Il medico che ha preso in cura la giovane è noto per essere scrupoloso e diligente. Ha alle spalle un percorso di grande esperienza ed ha lavorato in sale di pronto soccorso ben più impegnative di quelle di Venezia. Non è mai stato coinvolto in casi di malasanità. E’ fuori da ogni dubbio che se avesse avuto un qualsiasi sospetto diverso da quanto diagnosticato non avrebbe fatto uscire la ragazza dall’ospedale.
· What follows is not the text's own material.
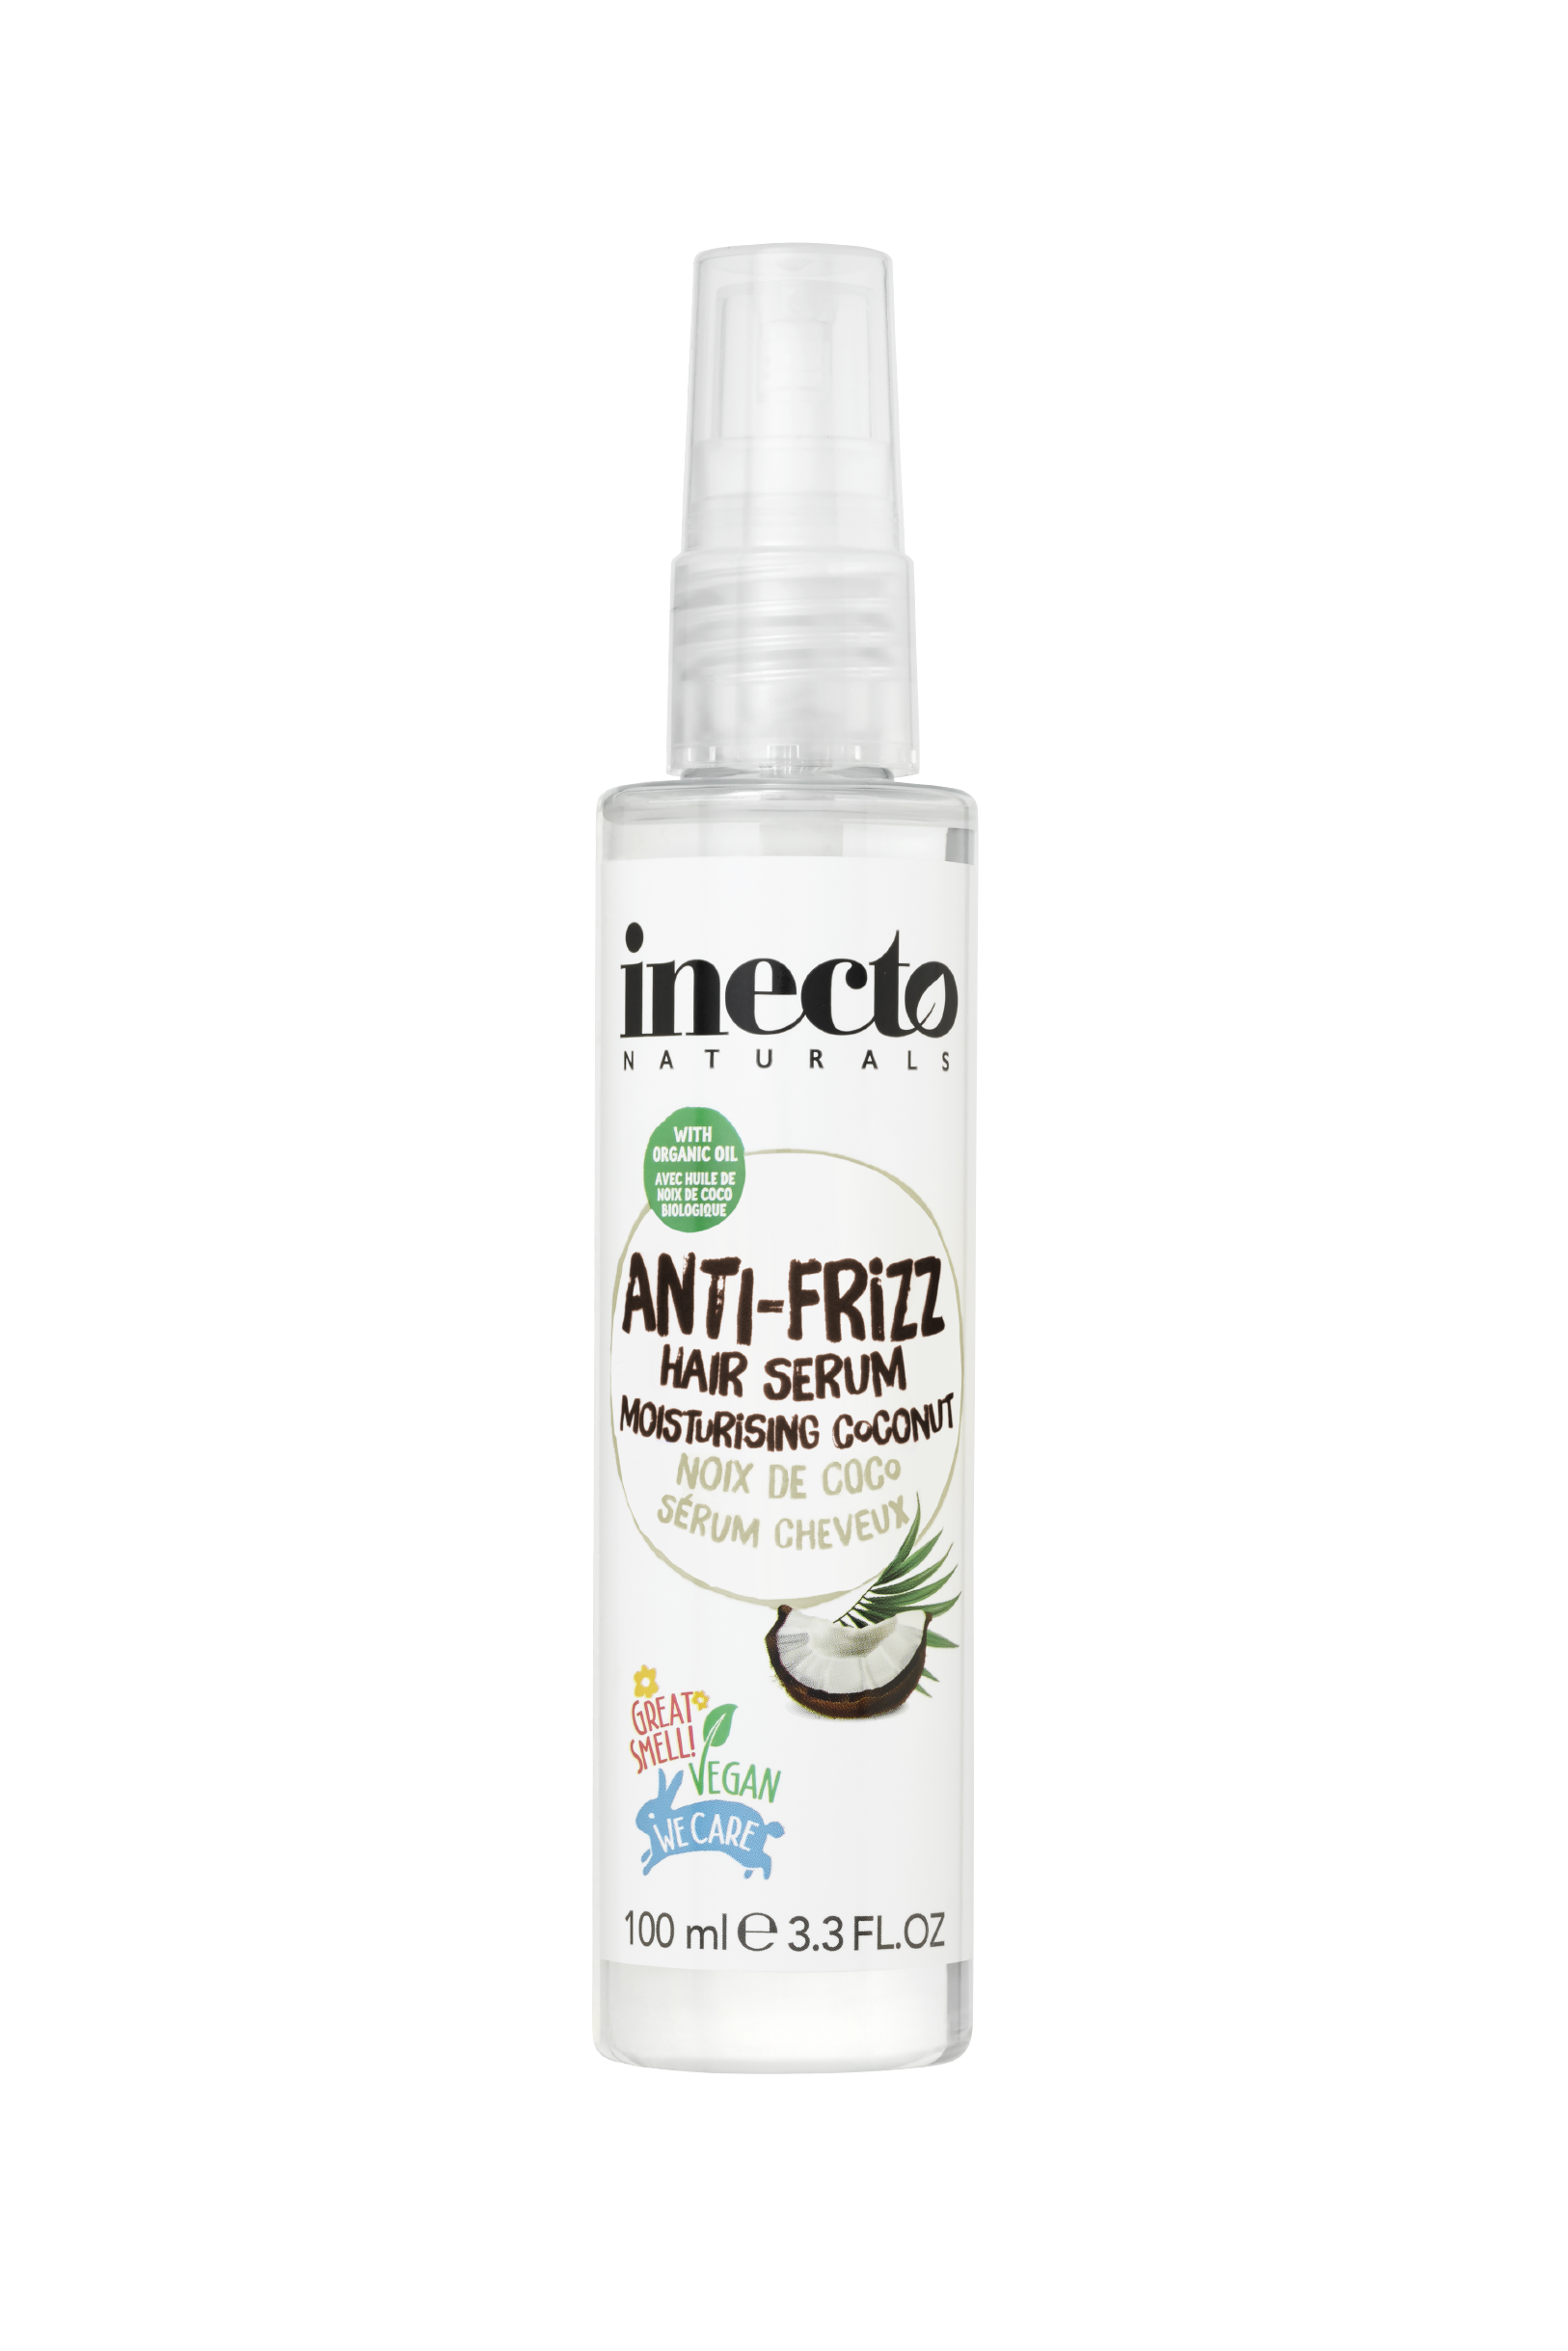 Moisturising Coconut Anti-frizz Hair Serum - Inecto UK

L’embolia polmonare, in un quadro di sintomi appena descritti, è frequentemente associabile alle persone da 60-65 anni in su, ma si tratterebbe di un evento significativamente raro in giovane età.

Il medico in servizio al pronto soccorso di Venezia, secondo quanto trapelato, avrebbe seguito scrupolosamente tutto l’iter degli accertamenti previsti dal protocollo medico per la situazione che si trovava davanti. Non bastasse, ha anche chiesto la consulenza di uno specialista infettivologo per escludere eventuali altre patologie legate a malattie infettive. Uno scrupolo ulteriore, se vogliamo.

Infine, avrebbe trattenuto in osservazione la giovane per il periodo massimo consentito dai piani istituiti dalla Regione (non oltre quattro ore per osservazione, non oltre le ventiquattro per l’O.B.I., Osservazione Breve Intensiva).

Semmai, quindi, se qualcosa andrebbe messo in discussione, si potrebbe parlare proprio di questi protocolli predisposti e applicati della Regione del Veneto che obbligano il medico a dimettere per non superare le ore di osservazione previste in pronto soccorso, anche se in presenza di quadri clinici che potrebbero essere o diventare complicati. E magari prevedere il ricovero, avendo posti letto sufficienti.

Mercoledì alle ore 11 nella Sala Laica del Cimitero di San Michele di Venezia si terrà l’estremo saluto a Miriam.
Dalle ore 9 alle ore 10.30 sarà invece possibile salutarla presso l’Ospedale Civile di Venezia.